Here, translator Van C. Gessel explains how the author’s Catholic faith and familial relationships manifest in the book.

The Japanese novella translated as Portraits of a Mother was discovered in 2020 by a curator of the Endō Shūsaku Literary Museum in Nagasaki. Who is Endō Shūsaku and what led you to translate this novella into English?

VCG: There was considerable excitement in Japan when the unpublished novella was discovered. (The novella is translated as Confronting the Shadows in the collection Portraits of a Mother, which also includes five short stories.) As a translator and scholar of Endō’s works for almost fifty years, I was eager to read the unearthed work, which appeared in print in Japan shortly after its discovery.

Endō Shūsaku was one of the most widely read and admired writers in the second half of the 20th century in Japan.
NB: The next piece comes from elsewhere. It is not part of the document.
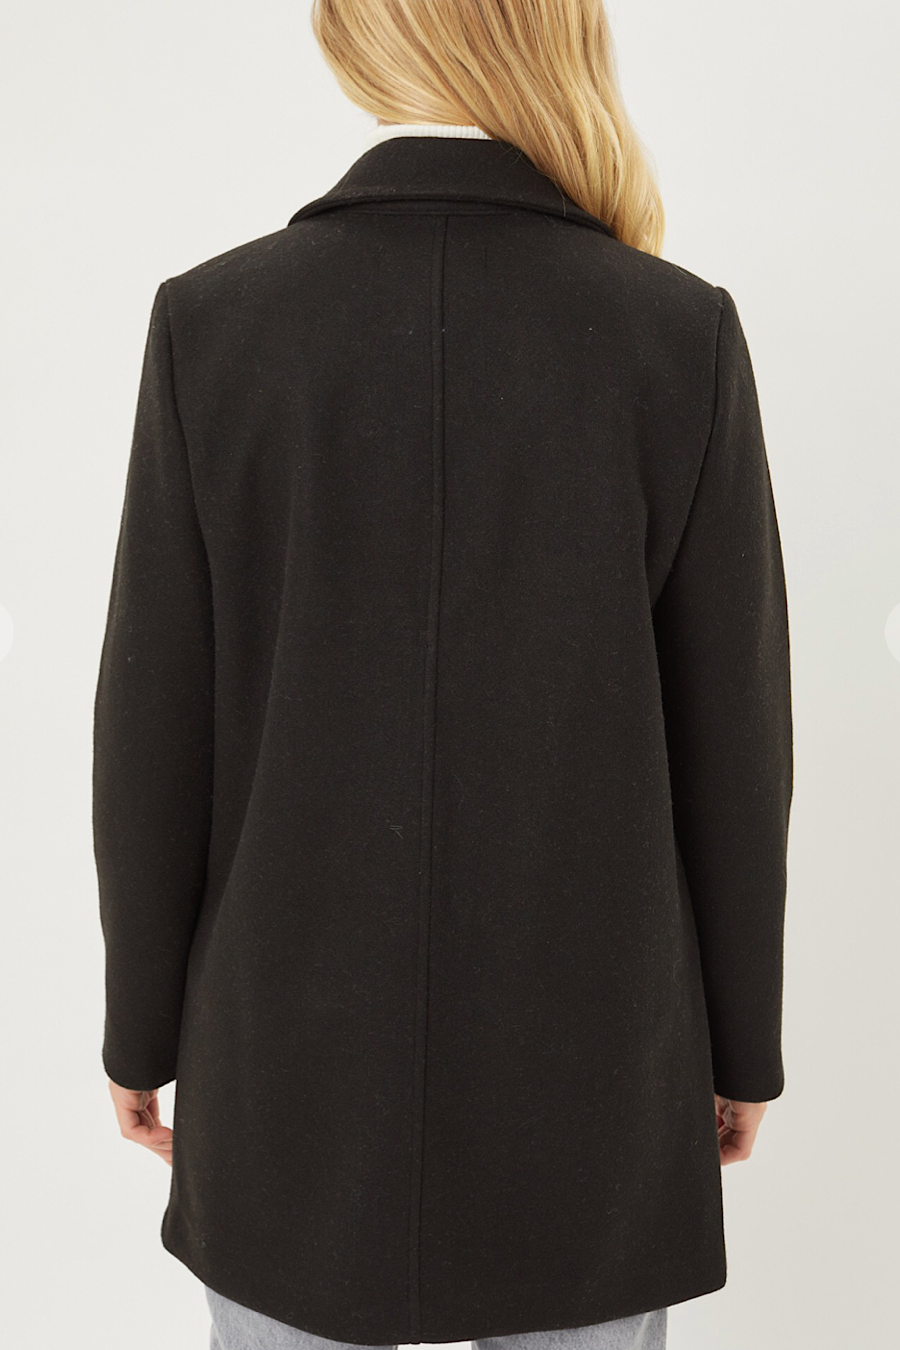 Boulder Single Buttoned Coat in Black
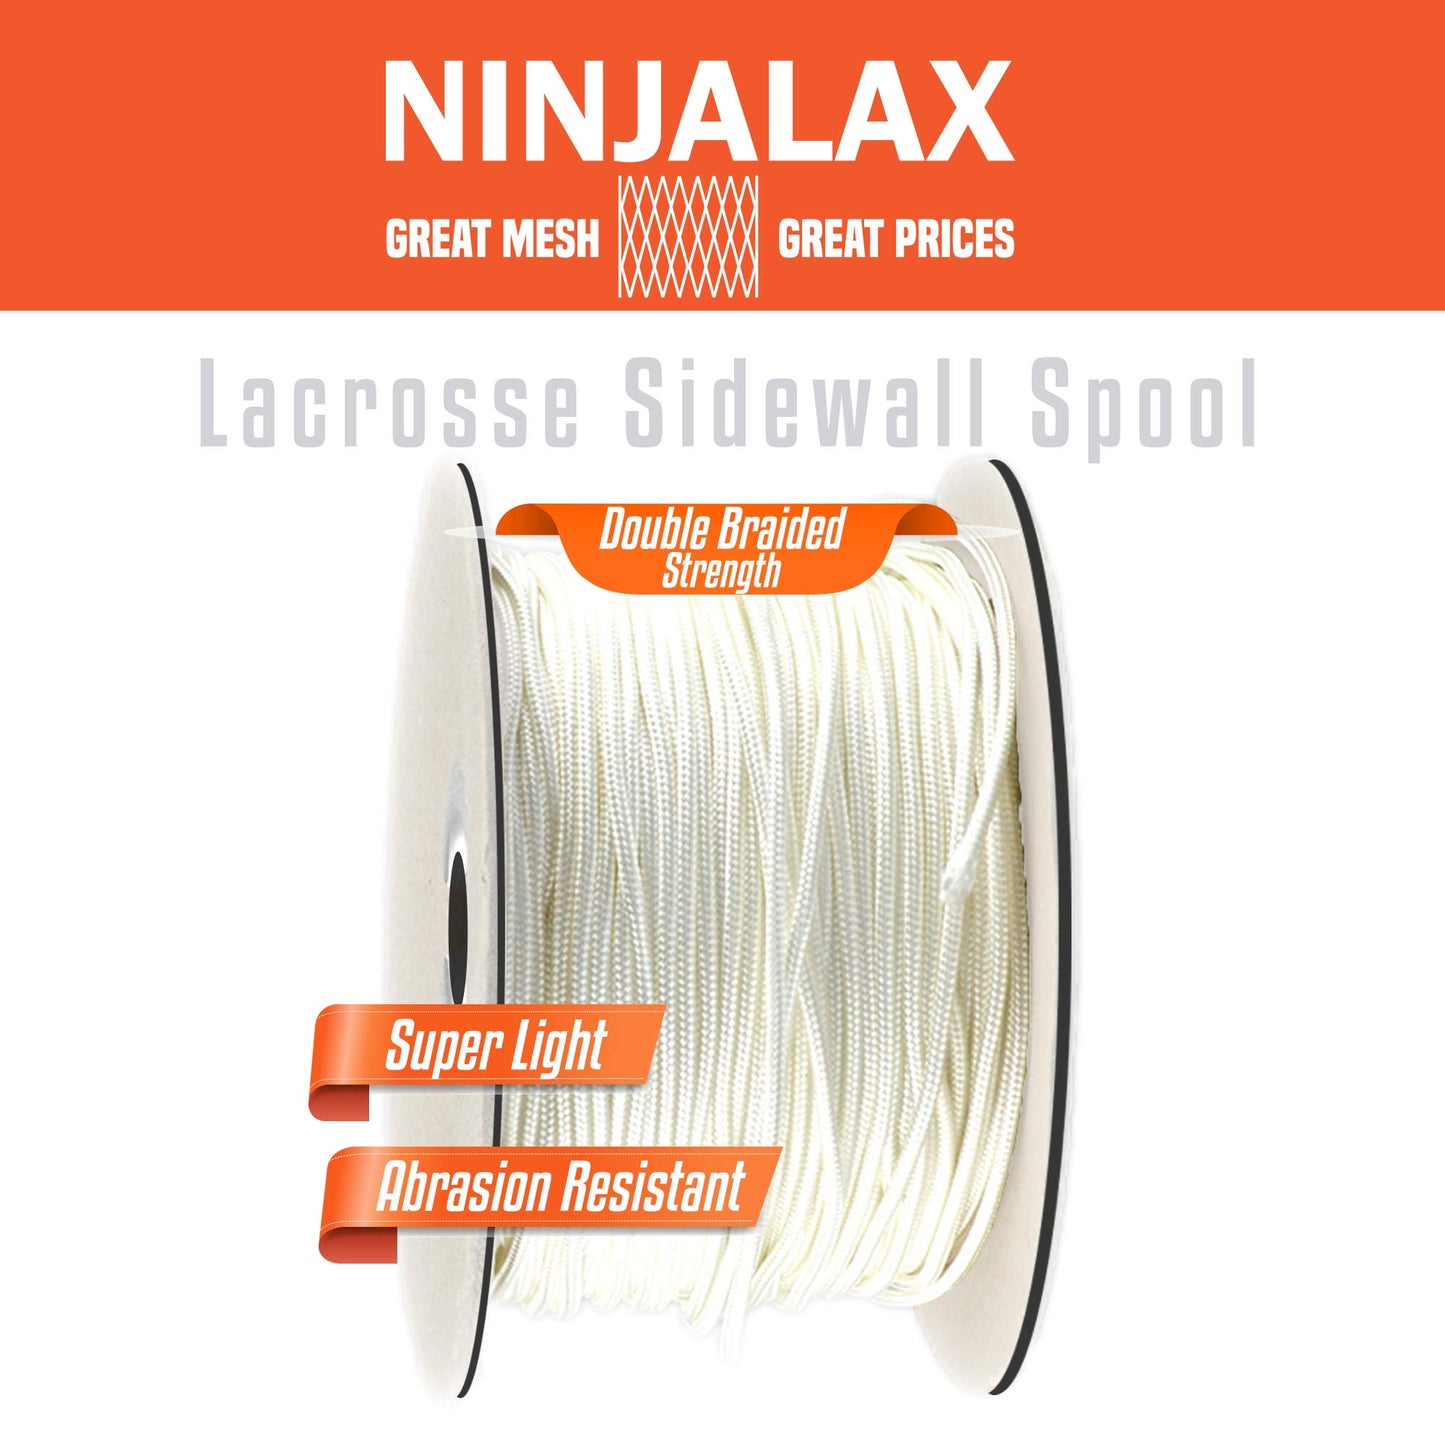 Ninjalax Lacrosse Sidewall Stringing Spool - 300 feet

As a Christian, he often wrote of early Japanese martyrs, most famously in his 1966 novel, Silence, which was the basis for Martin Scorsese’s 2016 film adaptation. Endō also wrote popular works that attracted a wide reading audience.

Many of Endō’s works portray mother figures, whether based on experiences with his own mother or his depiction of Christ as a loving, forgiving, even maternal personage. But he almost never mentioned his father in his writings until Confronting the Shadows, and the uniqueness of that portrayal and the sensitivity with which he wrote about characters based on his own parents led me to want to translate the novella.

Endō was part of a tiny Catholic minority in Japan. This group had been persecuted and scorned since Jesuit missionaries arrived to Japan in the 16th century. How does Endō’s sense of being a religious or cultural outsider figure in his novella?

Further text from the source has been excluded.